Today, the workers in the timber industry in Oregon still make the same amount of money they did back in the 1980s, if they have a job at all. The guys I grew up with have minimum wage jobs or are unemployed. Oregon has a Meth Culture that is known across the country. The cute little houses I grew up around are run down or non-existent. Even those that have jobs can’t afford a home since Californians with large wallets bought up all the land and drove up the market.
These are your lazy poor. Guys who used to work themselves to death over a lifetime, who can’t get a job because the rich shipped their jobs to China. If you think this is unique to Oregon, think again. Detroit, manufacturing on the East Coast and California, the jobs have all been shipped overseas so a handful of rich folks could get richer. It runs across the country. No unions, jobs shipped overseas, and a handful of very rich owners, like Jeff Bezos of Amazon.
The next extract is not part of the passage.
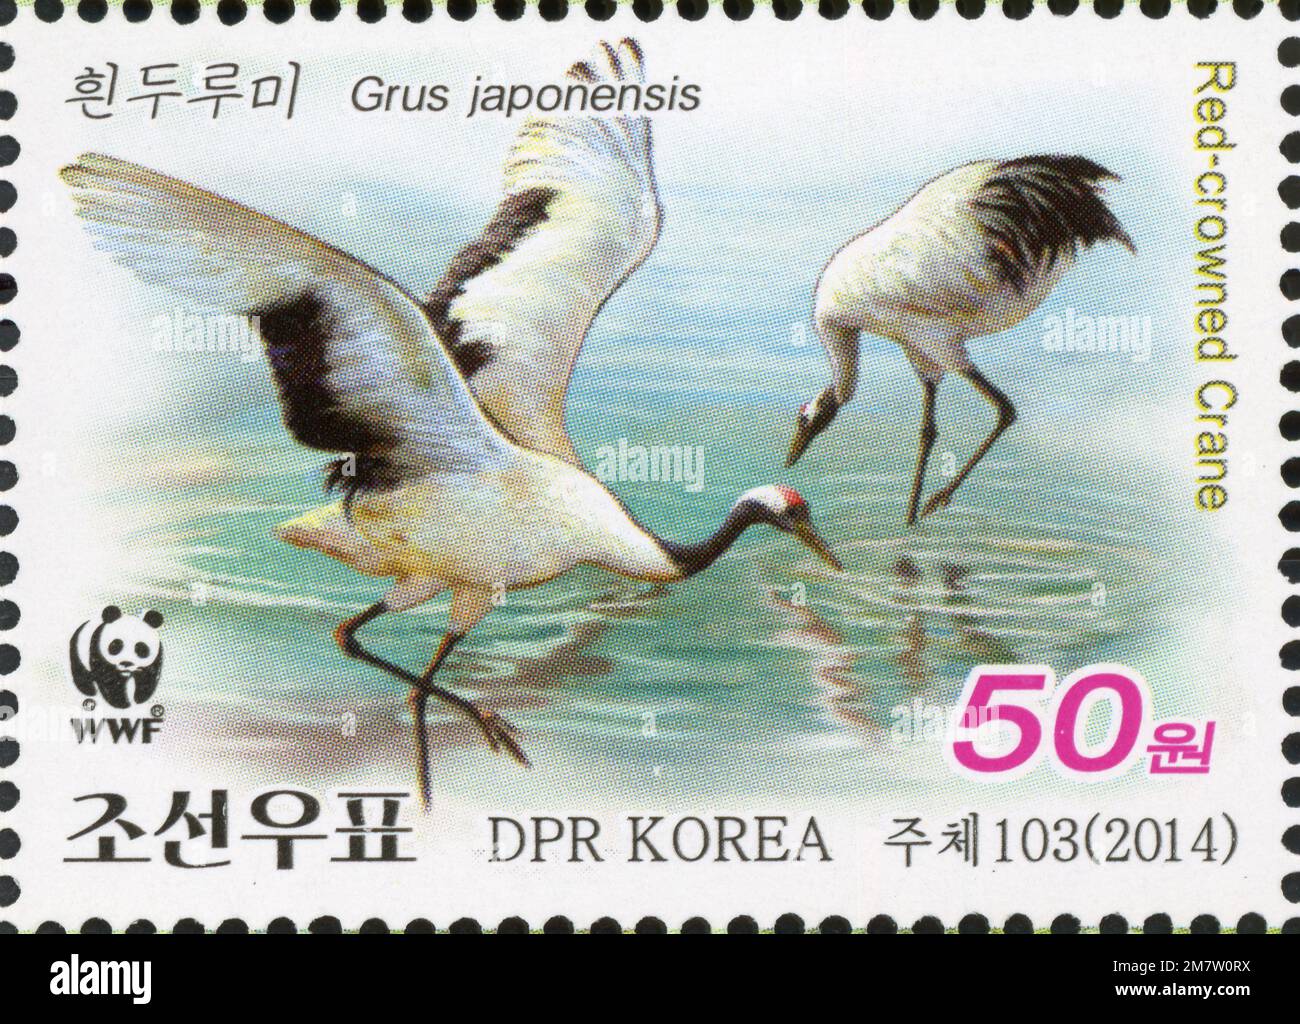 2014 Set di timbri per la Corea del Nord. WWF - Gru con corona rossa, Gru japonensis Foto Stock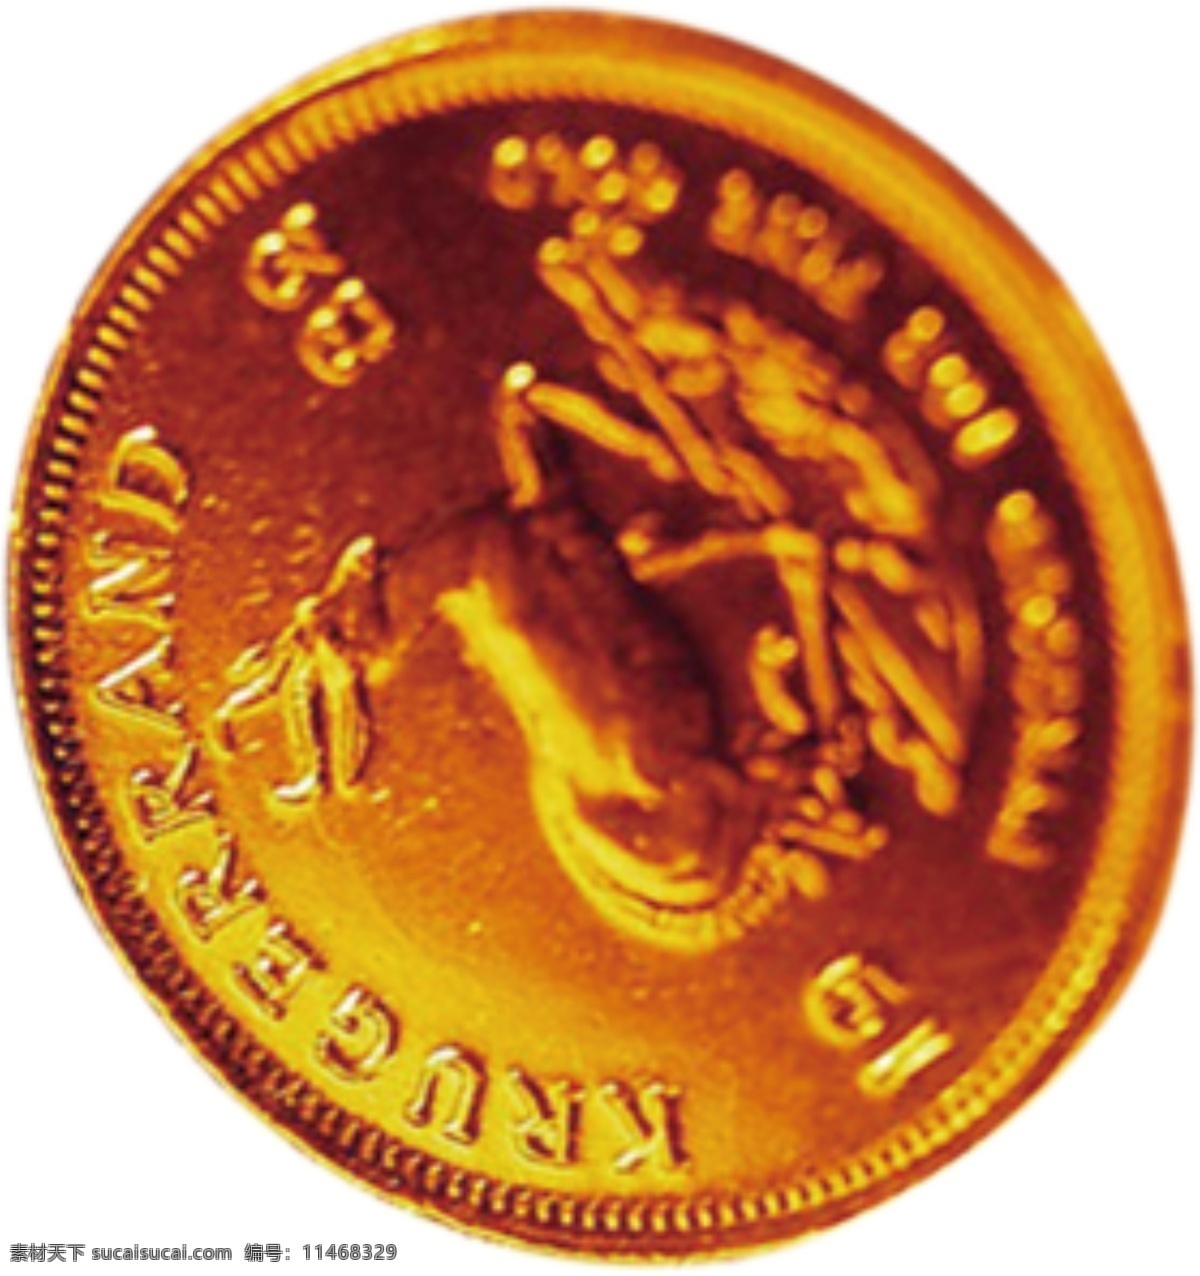 硬币透底素材 硬币透底 钱币 金色硬币 金色钱币 钱币素材 原创设计

I hear it and read it every day. The lazy poor. I’ve never heard a more ridiculous piece of propaganda ever. I live with the rich. I went off to college, got a couple of degrees, and have a good living. I see how the rich live. Their kids are pampered and sent to private schools and they take the afternoon off to play golf or over-manage their kid’s lives. A rich person calling a poor person lazy is an affront.
Evil Unions… I was required to pay my union dues when I worked in the Oregon lumber mills to put myself through college. I never really questioned the fee, it wasn’t that much, relatively speaking. I never realized it’s value until the first time I needed the union. A shop foreman decided that he wasn’t going to hand out checks until we signed a petition. The lumber company wanted access to government timber and they weren’t being allowed. The timber was on BLM land that I grew up fishing, hunting and hiking on. No one wanted it cut, period. The standoff lasted for ten minutes until the union steward showed up with a union lawyer and we got our checks. For the first time I realized the unions, which were already being badmouthed, first by Reagan, and then by Clinton, were the only thing standing between me and a company telling me what I was going to do, outside the company confines.
The first time I realized that the unions weren’t there to protect malfeasance or laziness was the first time I came back from lunch one minute late. And I do mean one minute late. The foreman met me and told me, “you come back late again and you’re fired.” The union guys around me, they had a laugh, told me not to worry, but that I needed to watch the clock. The notion that unions allow employees to be lazy or to take advantage simply isn’t true by my experience. Unions simply give workers the right to stand up to company malfeasance. Yes, there were some corrupt unions, but they didn’t steal from the companies, they stole from the employees they represented. Companies were against unions not because the unions were corrupt but because they made them take care of their employees. The unions made companies pay a decent living wage, provide benefits, and some job security. All of that is pretty much gone now, making a large pool of unemployed poor, labeled as lazy because there are no jobs and no unions to protect their jobs.
Human nature isn’t perfect. But labeling folks as lazy because their jobs have been shipped overseas by a few greedy people is wrong. Letting corporations convince us that people are lazy because they aren’t willing to work themselves to death on the cheap is wrong. Treating humans like they are chattel is wrong. Giving the rich more power than God is wrong. We learned this the hard way in the 1930s when the poor had to wrest this country from the rich, and how we’ve allowed ourselves into being lied to about the issue today, should be a cause of great concern.